The USPTO began “building automation” around 2010, Spencer said, and then moved into development, security and operations (or DevSecOps) over the years as the company “began to integrate security into the initial release” of automated tools.

“Probably 30 percent of our implementations were failures” at first, he said, but the successful implementation of automated systems across the enterprise in the coming years, along with the company’s divisional functions, has shown the price of further expanding those efforts.

“We went from a culture of mistrust, where the answer to every deployment was no, to now the answer is, ‘yeah, do it,’” Spencer said, adding that “we don’t do rollbacks anymore.”

During the Trademark Public Advisory Committee’s quarterly meeting in November, Spencer said members of the agency were demonstrating new trademark external applications when an attorney with a private company who was present at the meeting “pointed out a logic flaw in our public application.” 
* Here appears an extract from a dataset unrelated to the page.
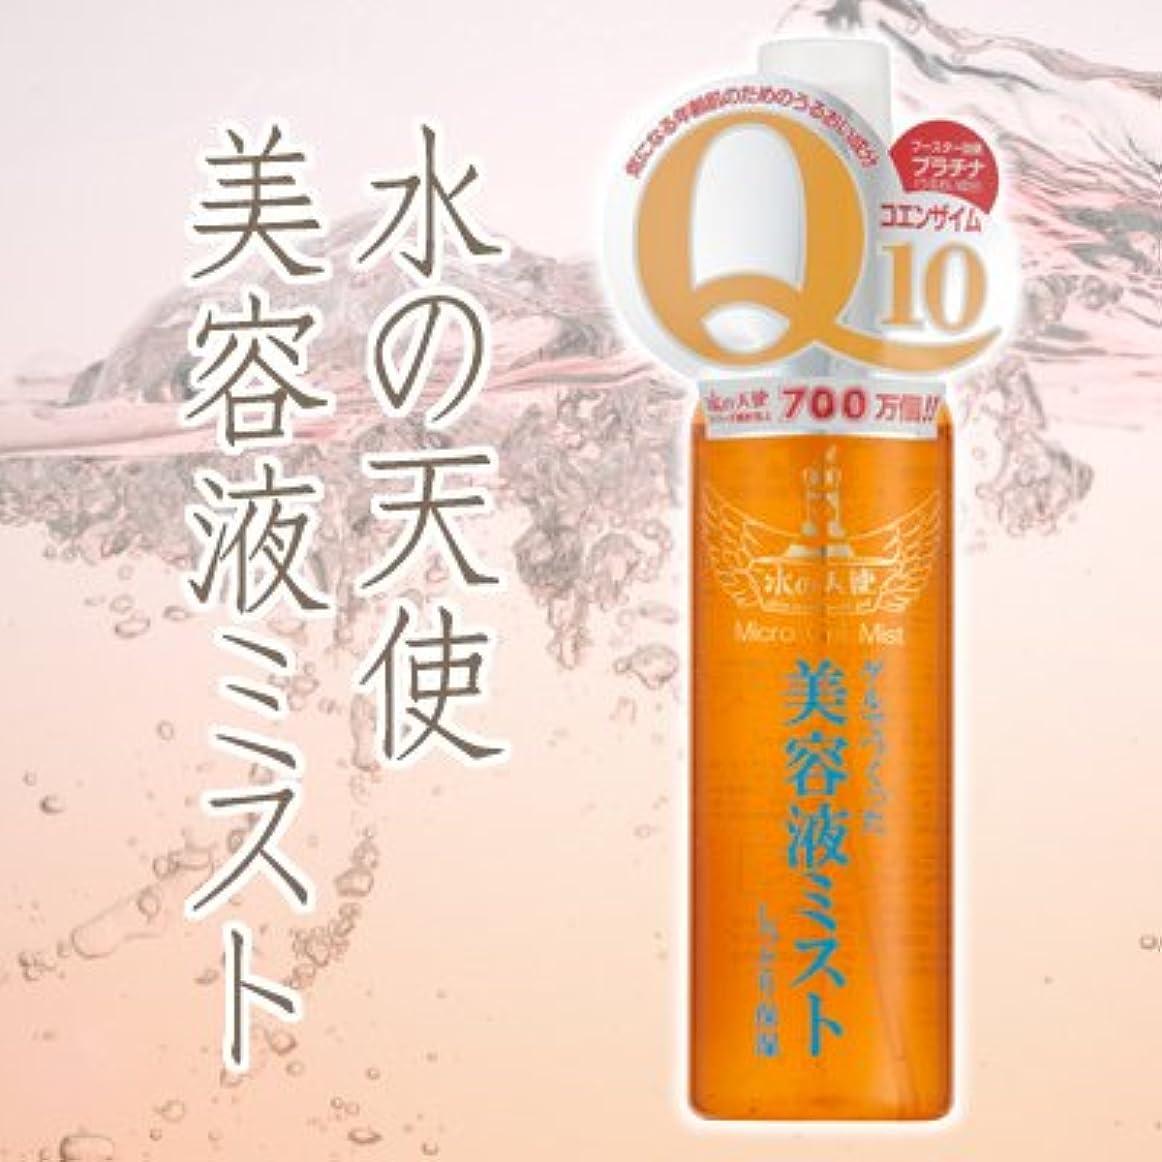 直接対立うがい薬水の天使美容液ミスト 120ml ※あの「水の天使」シリーズから美容液ミストが新登場!

The product team, who was listening to the assembly remotely, verified and demonstrated that there was a bug in the application. Spencer said they temporarily dedicated themselves to resolving the issue and were able to implement a fix the next day.

“They went from finding a bug to offering a fix for a government-owned public app in less than 24 hours,” he said, adding that “that’s the point of agility we’re at. “

To help USPTO developers build and secure applications, Spencer’s department has also developed automated quality teams that look at code as it’s written and “tell them it’s not treated a certain way or it’s not a set and then they’ll report it. “

And when it comes to broader security risks — including those in custom-built software or in open-source components that come with their own vulnerabilities — the agency has also relied on automation to quickly identify and mitigate potential threats. 

These features came in handy after the disclosure of vulnerabilities in Log4j in 2021, a popular open-source logging library used in a wide diversity of commercial and customer products.

Spencer said “we had a very short time horizon” to identify security flaws in the agency’s use of Log4j, adding that “we had to find out on the same day how serious it was. “

“We had to advise our [news director] on pretty drastic measures to solve this problem,” he added. “You can’t do that without automation. “

USPTO is also experimenting with and using some emerging technologies to bolster the security of its systems. Spencer said the agency is “starting to look at how we can use things like AI to help our folks actually code the software,” as well as other tools for securing systems.